§ ACTIVITY:
Beneath this instruction is a listing. Transcribe from it only the stretch from the line with "Colombian Tummy Control" through the line with "Frill Ankle Sock", both end lines included, exactly as written.

§ THE RECORDS:
────────────────────

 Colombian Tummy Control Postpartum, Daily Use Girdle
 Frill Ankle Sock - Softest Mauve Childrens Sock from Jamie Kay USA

────────────────────

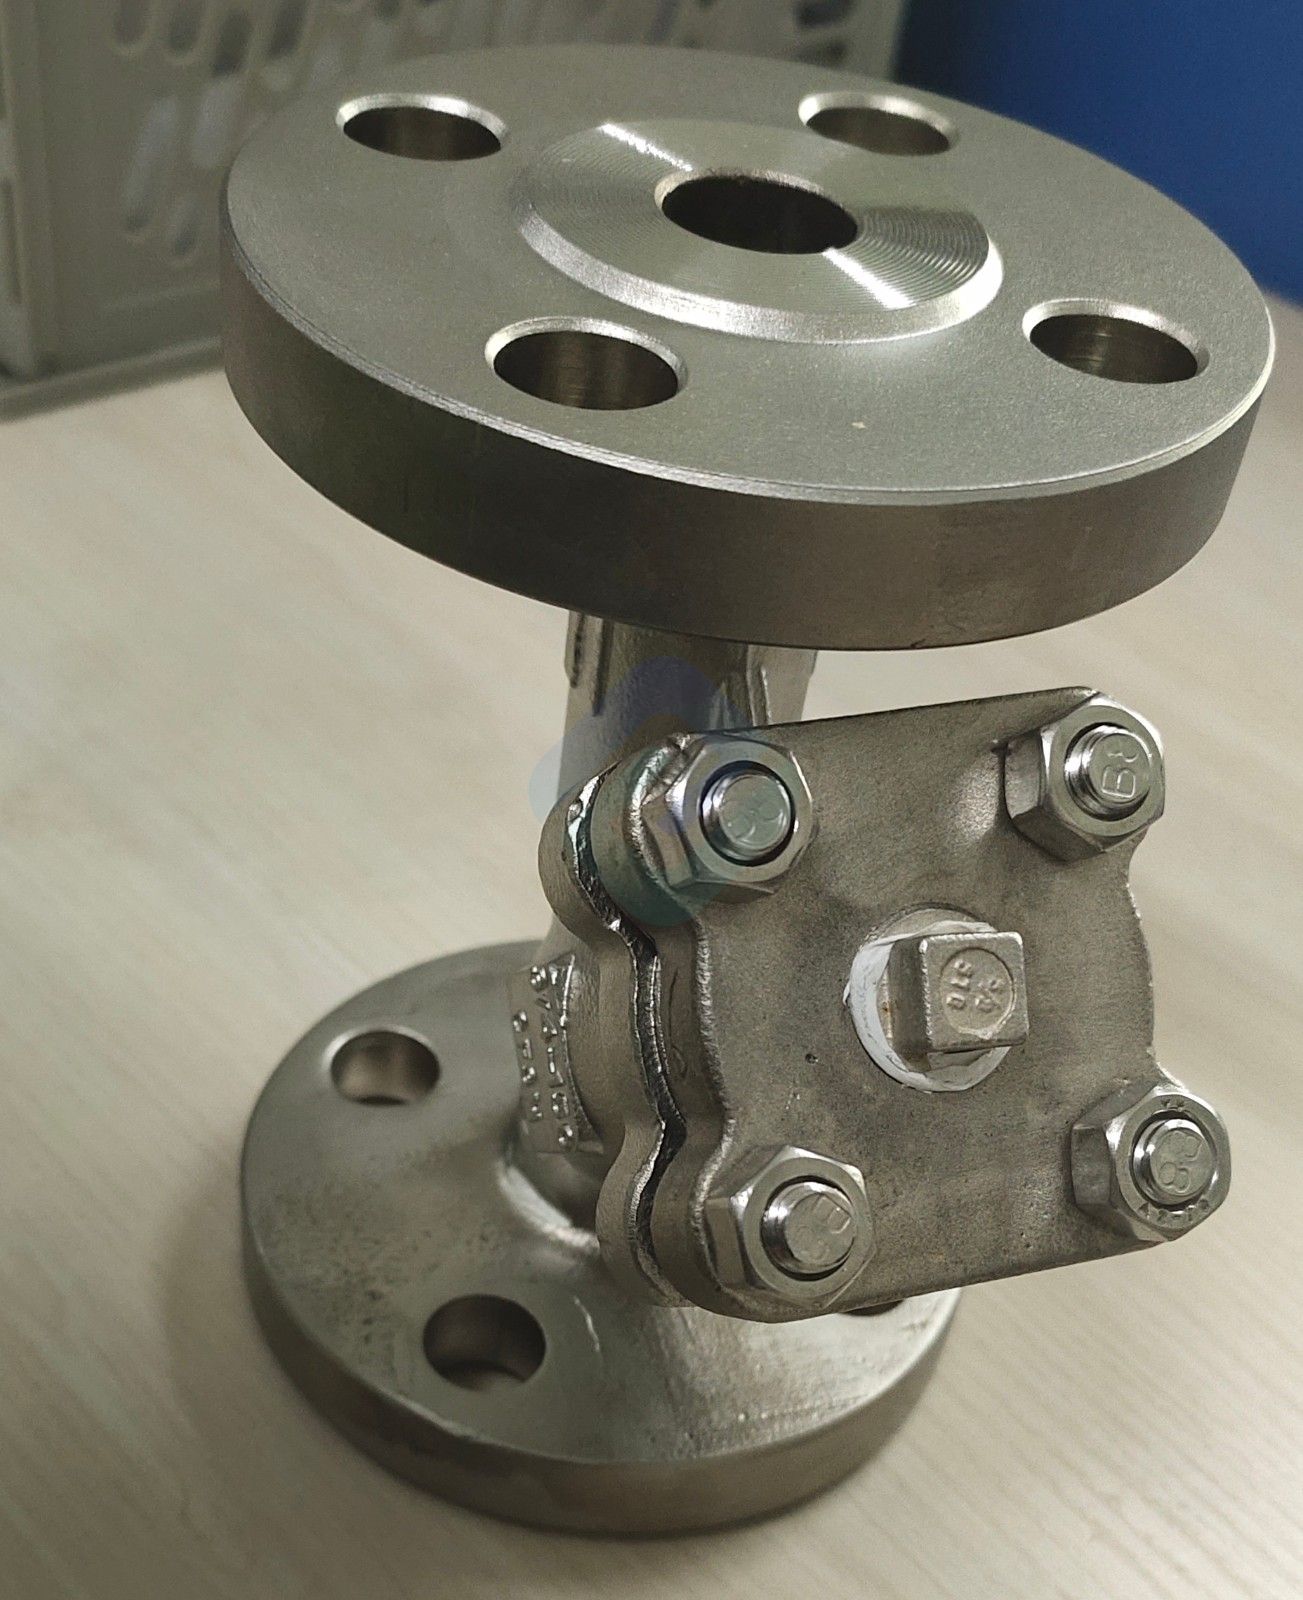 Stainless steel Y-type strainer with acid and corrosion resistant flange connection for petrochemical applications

────────────────────

§ REPLY:
 Colombian Tummy Control Postpartum, Daily Use Girdle
 Frill Ankle Sock - Softest Mauve Childrens Sock from Jamie Kay USA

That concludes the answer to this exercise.